PROBLEM STATEMENT
Produce an exact transcription of the data, with the images left out.

DATA EXTRACT
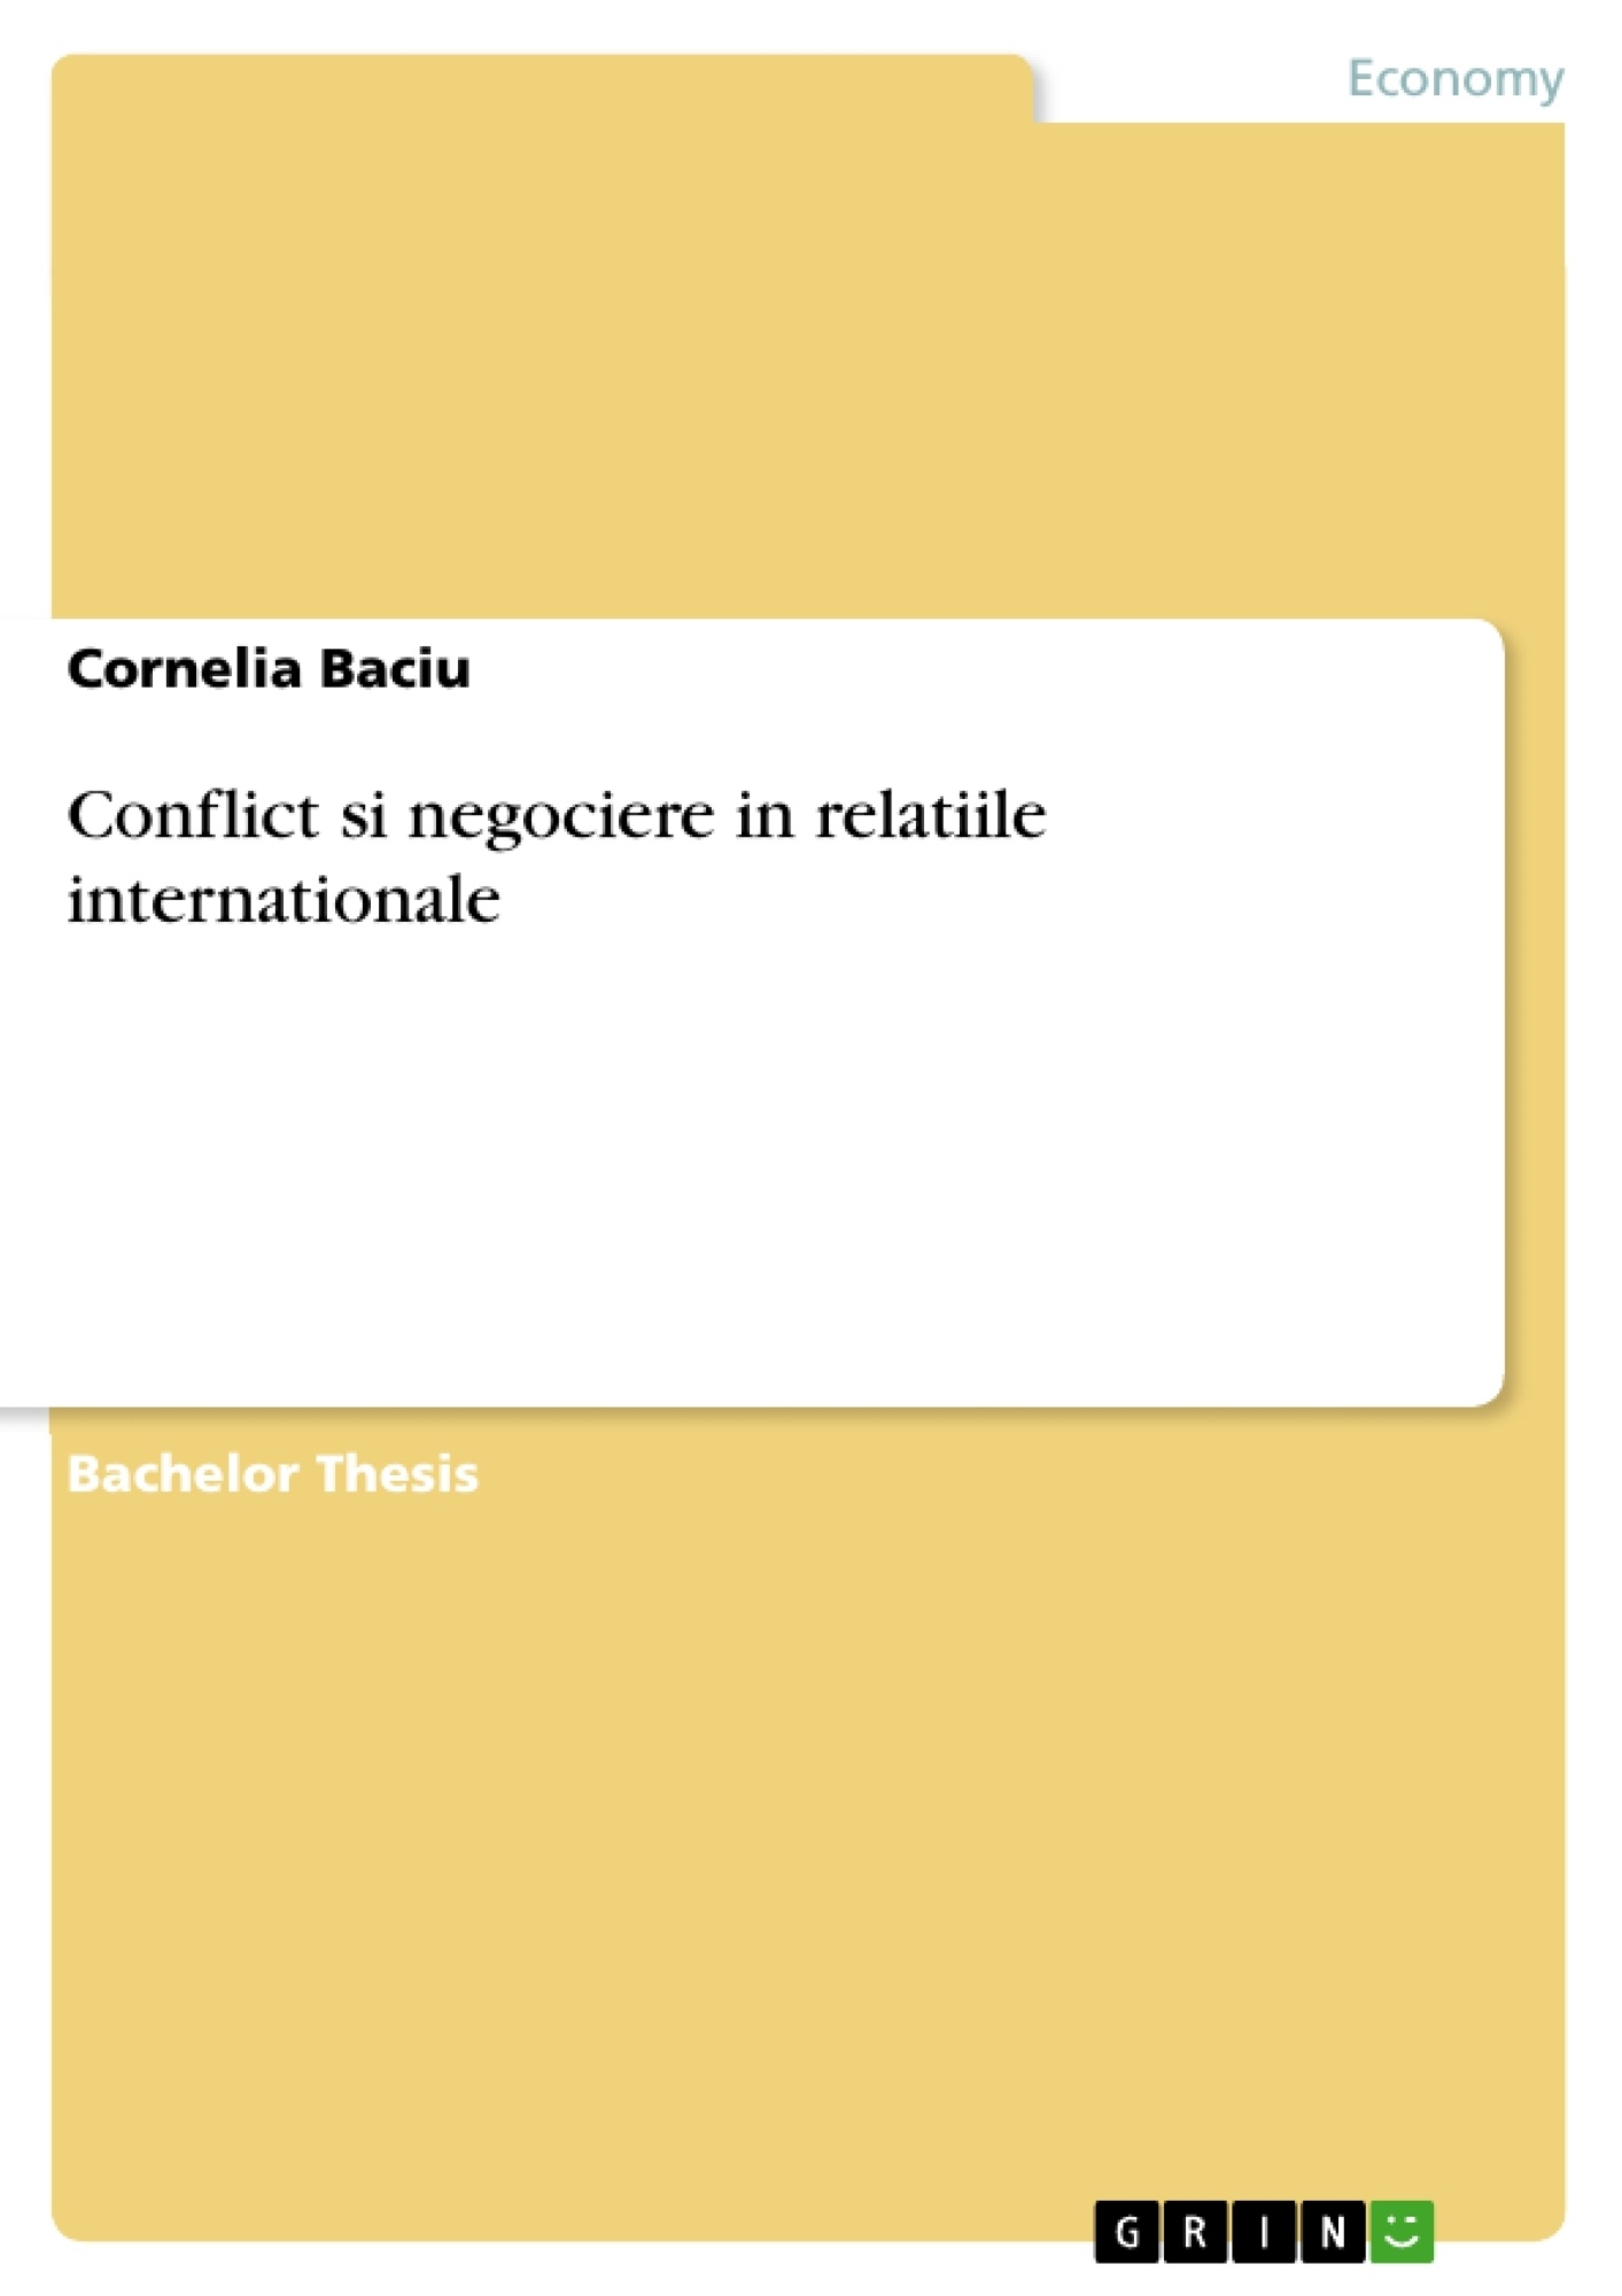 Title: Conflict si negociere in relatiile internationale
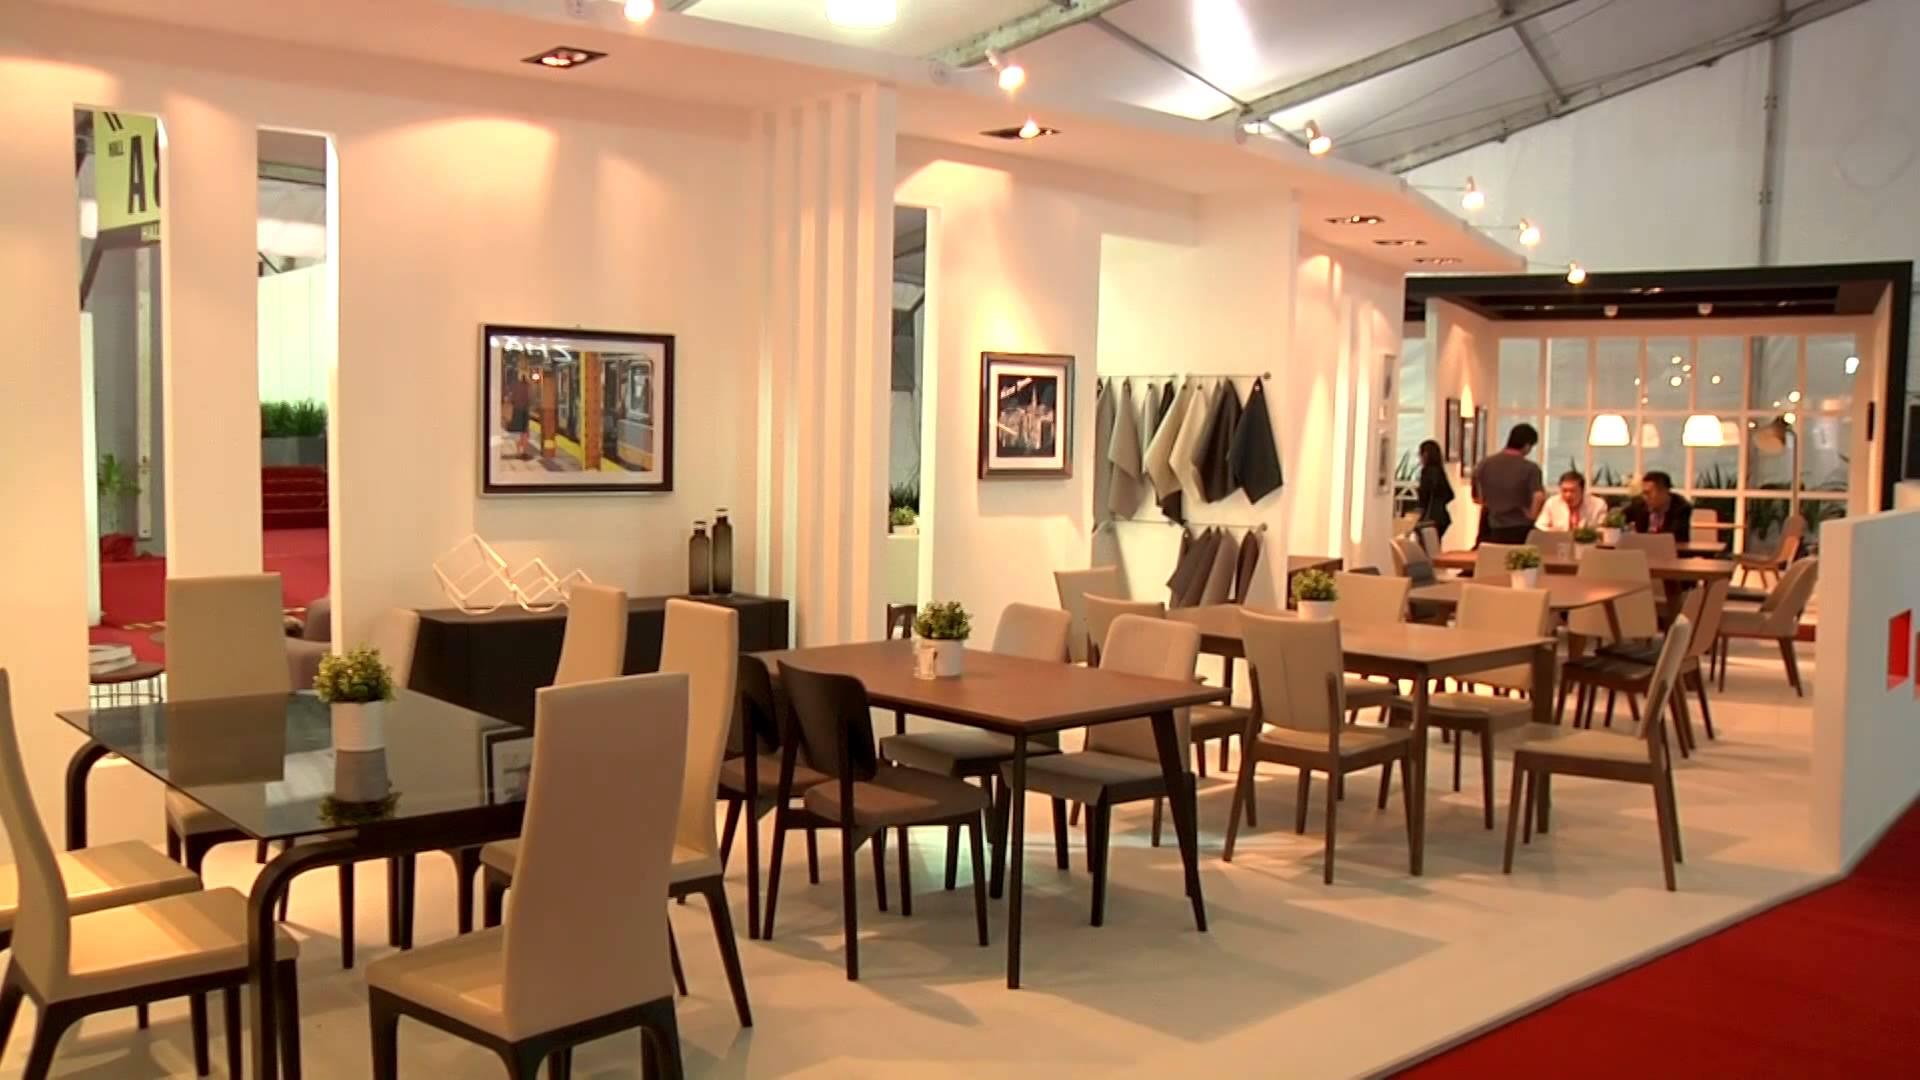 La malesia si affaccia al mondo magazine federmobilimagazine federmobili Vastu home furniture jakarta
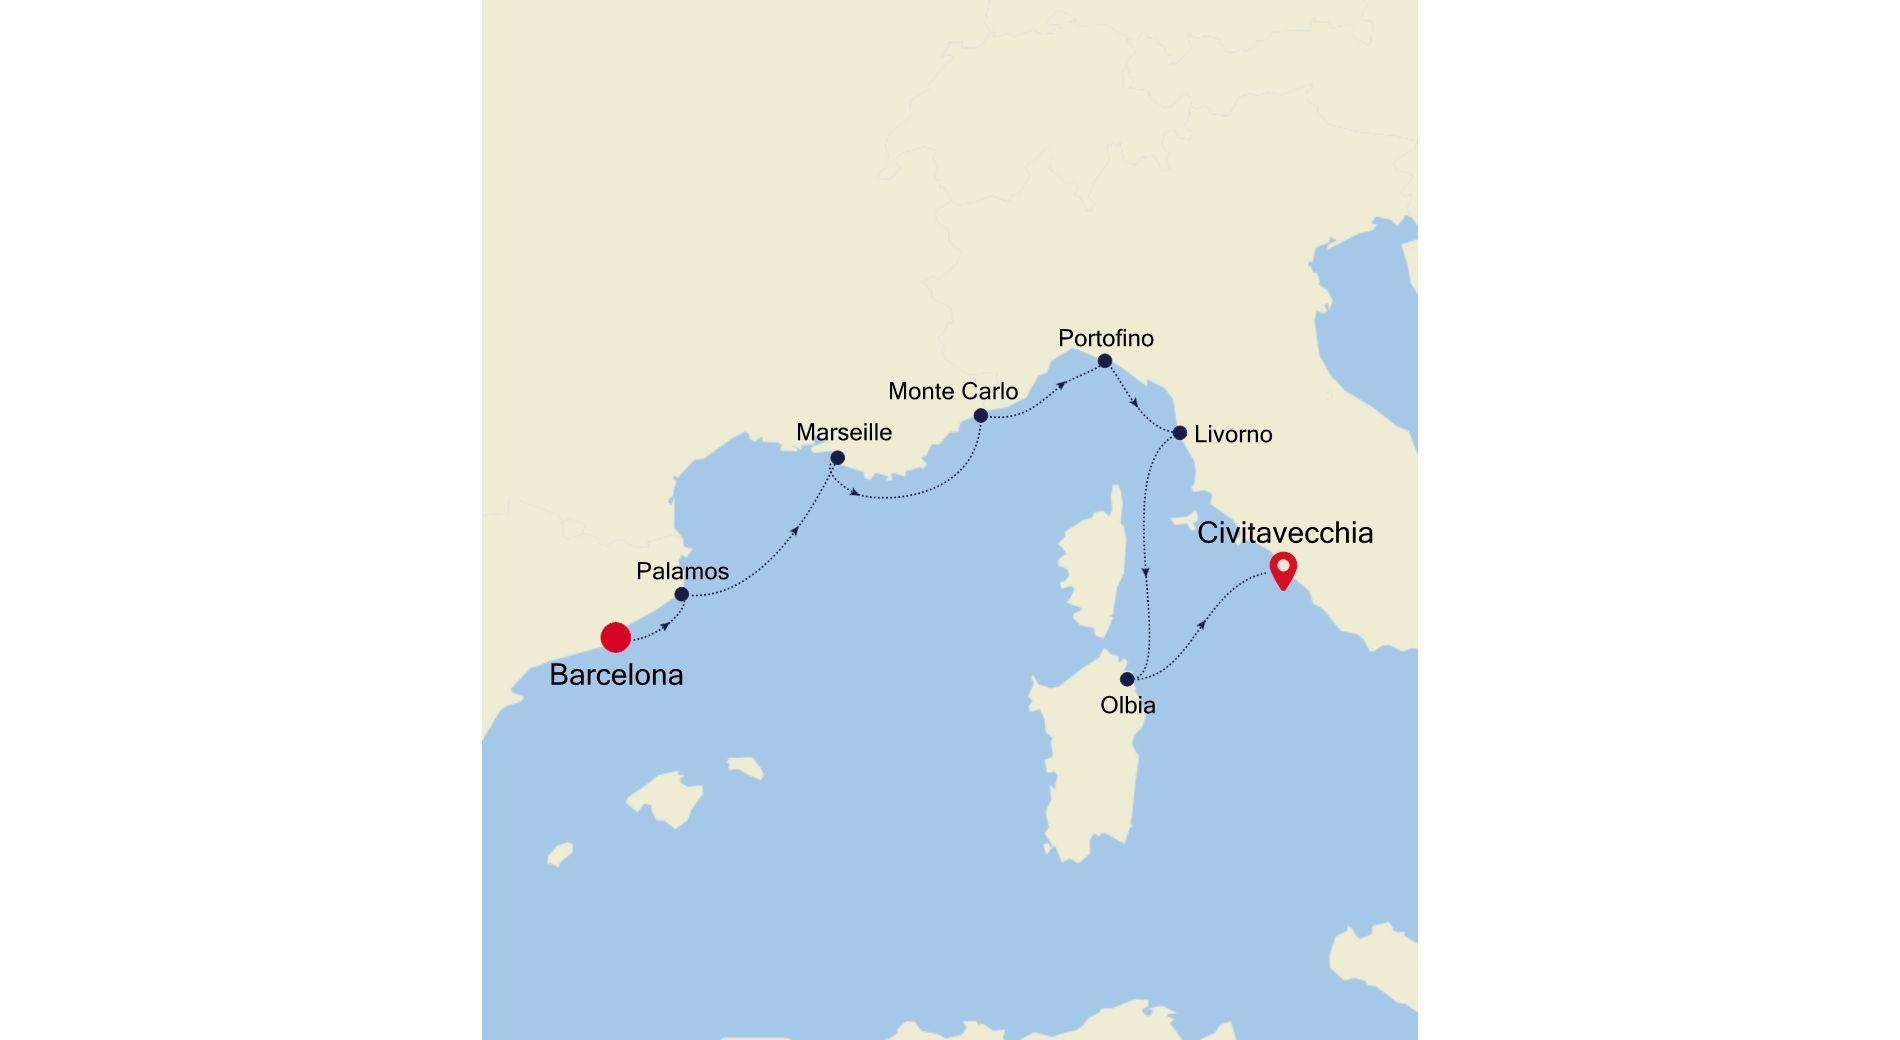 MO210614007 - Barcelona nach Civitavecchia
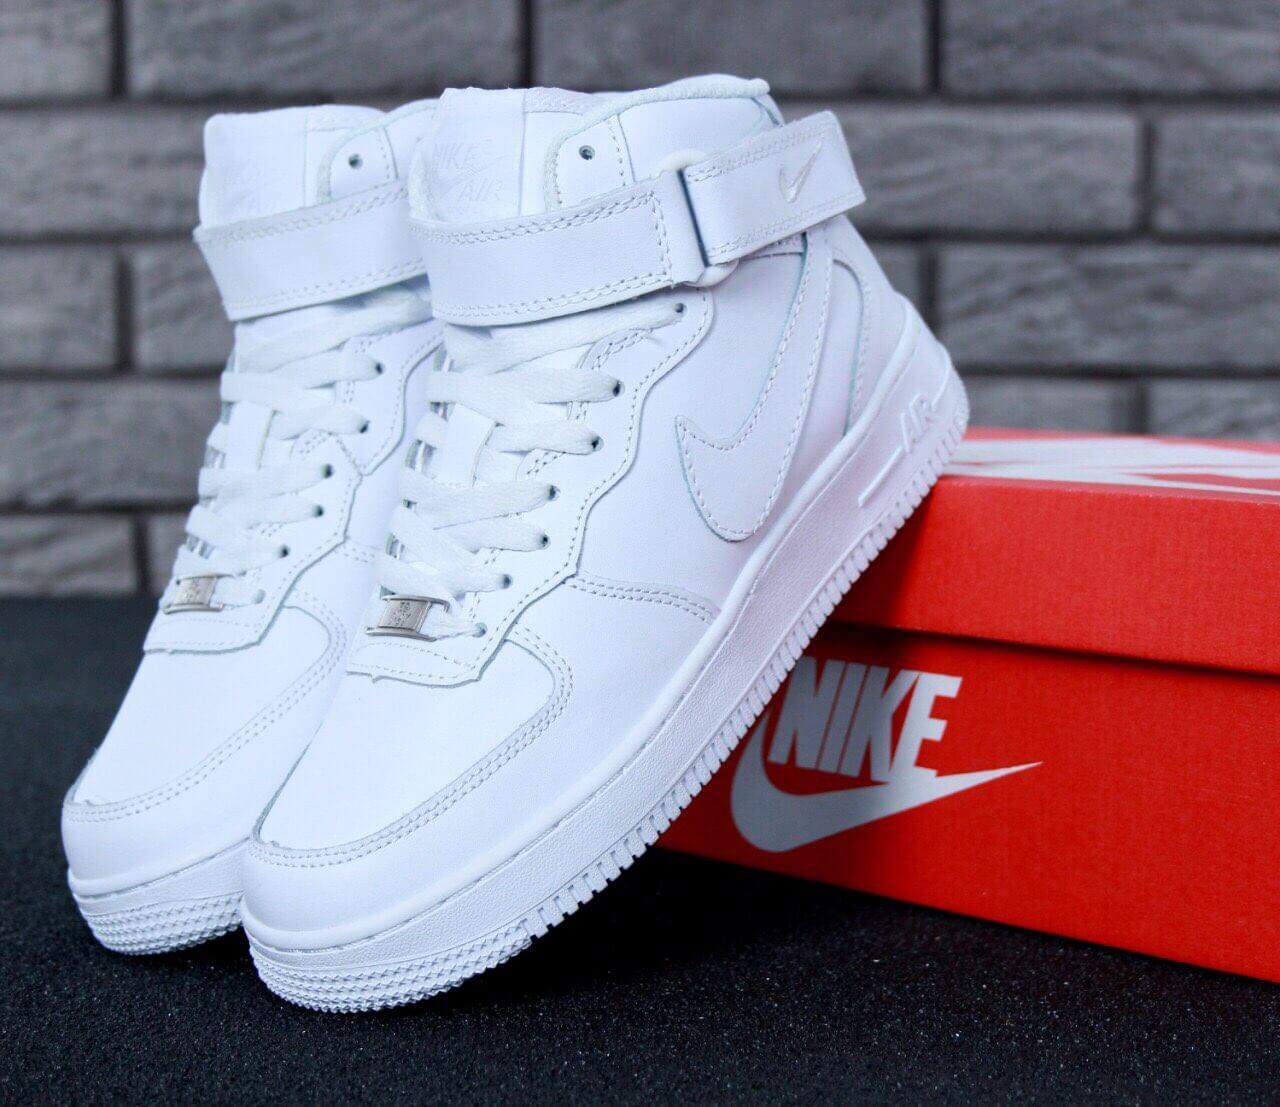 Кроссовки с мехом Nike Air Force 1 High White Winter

RESULT BELOW
 Title: Conflict si negociere in relatiile internationale
 La malesia si affaccia al mondo magazine federmobilimagazine federmobili Vastu home furniture jakarta
 MO210614007 - Barcelona nach Civitavecchia
 Кроссовки с мехом Nike Air Force 1 High White Winter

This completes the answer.